Except it’s not, is it? Here’s Ibu, so happy one of my paternal aunts has deigned to reply to her messages after years spent snubbing her. What will it be like for Ibu when the news breaks, when everyone learns that her daughter has killed someone? She’s been through so much already. And what if I get tried as an adult? I don’t know how that works, why some teens are tried as adults. But the odds aren’t good. Me, a half-brown girl, killing a white dude. Nope, definitely not great odds.
It’s as though my heart stops beating. My brain shuts down. Blood stops flowing through my veins. It’s like my entire being has hit the reset button. My mind is a complete blank, devoid of every thought. One thing remains. Ibu’s voice, now happily telling me about her side of the family and how one of my myriad cousins has gotten engaged and how we’re going to go back to Jakarta for the wedding next summer. I can finally wear her old kebaya, she says, the one she saved from when she was seventeen. It’s emerald green with gold detail.
My mind clears. When I inhale, my breath’s no longer shaky. I straighten up. “Ibu, I’m sorry, but I gotta go. I’ll call you tomorrow, okay?”
“Okay, be good!”
Too late for that. I hang up and stuff my phone back into my pocket. I know now what I must do.
The body. I need to get rid of it.
The thought makes me ill, but I force myself to keep going down this path. I need to survive this.

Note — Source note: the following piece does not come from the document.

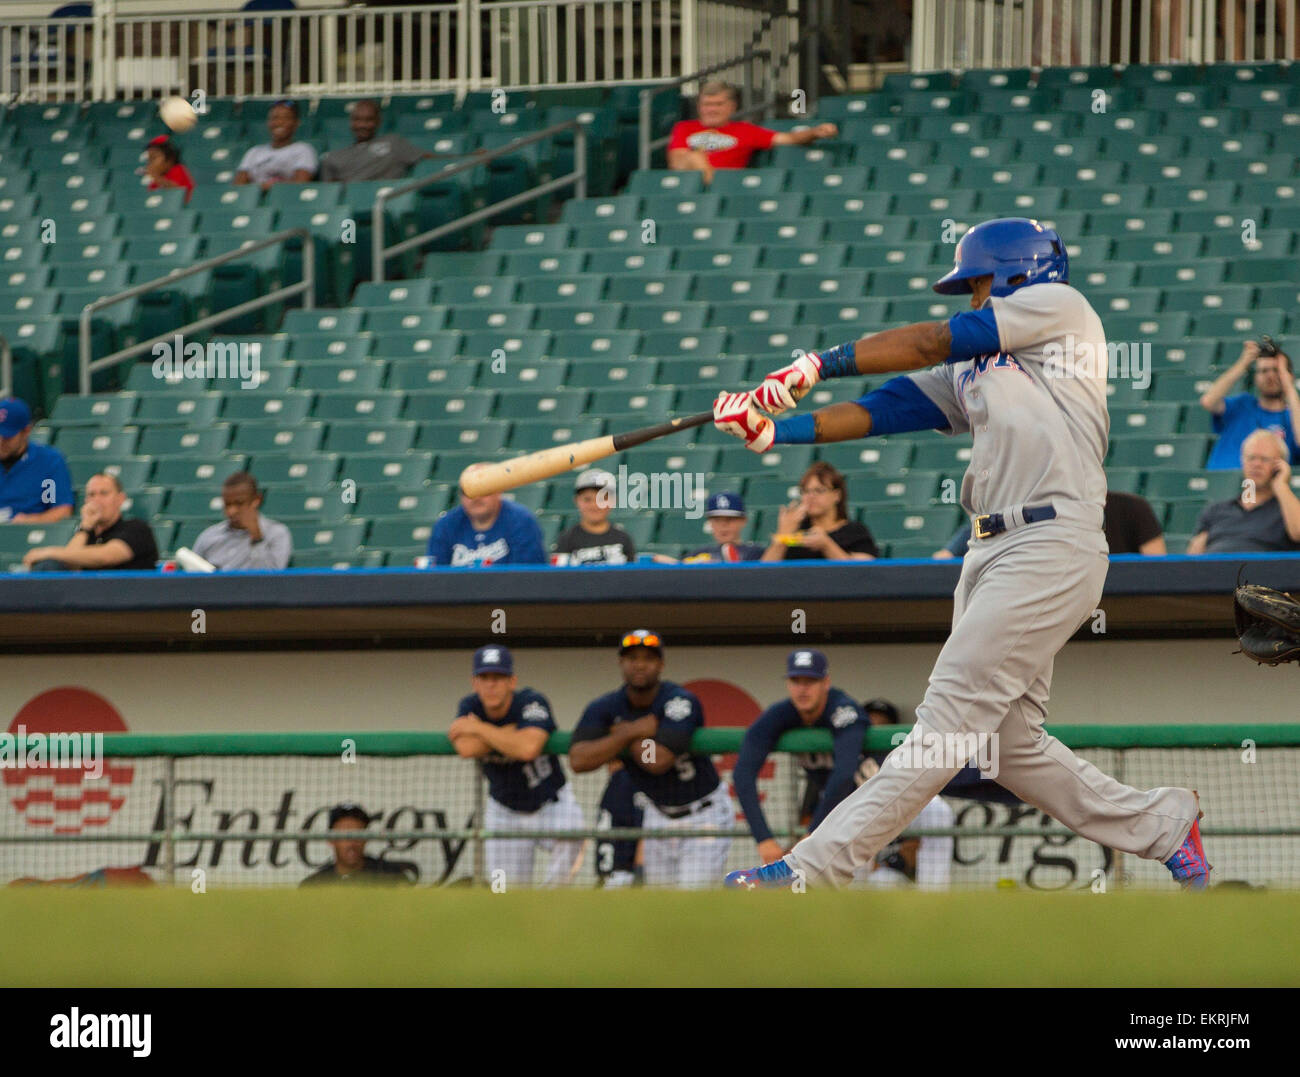 New Orleans, LA, USA. 13th Apr, 2015. Iowa Cubs shortstop Addison Russell (3) hits a single in the first inning during the game between Iowa Cubs and New Orleans Zephyrs at Zephyr Field in New Orleans, LA. Credit:  csm/Alamy Live News Stock Photo

Okay. How do I get rid of it? The river? If I could just push it uphill and throw it over the cliff, it’ll go a long way before anyone finds him.
He’s right where I left him. His good eye remains open, and I notice now that there’s a drop of blood on it, spreading across the whites. Oh god, no. I gag and turn away. Okay, just gotta—just gotta do it.
Still averting my eyes, I put my hands under one of Mr. Werner’s arms and pull.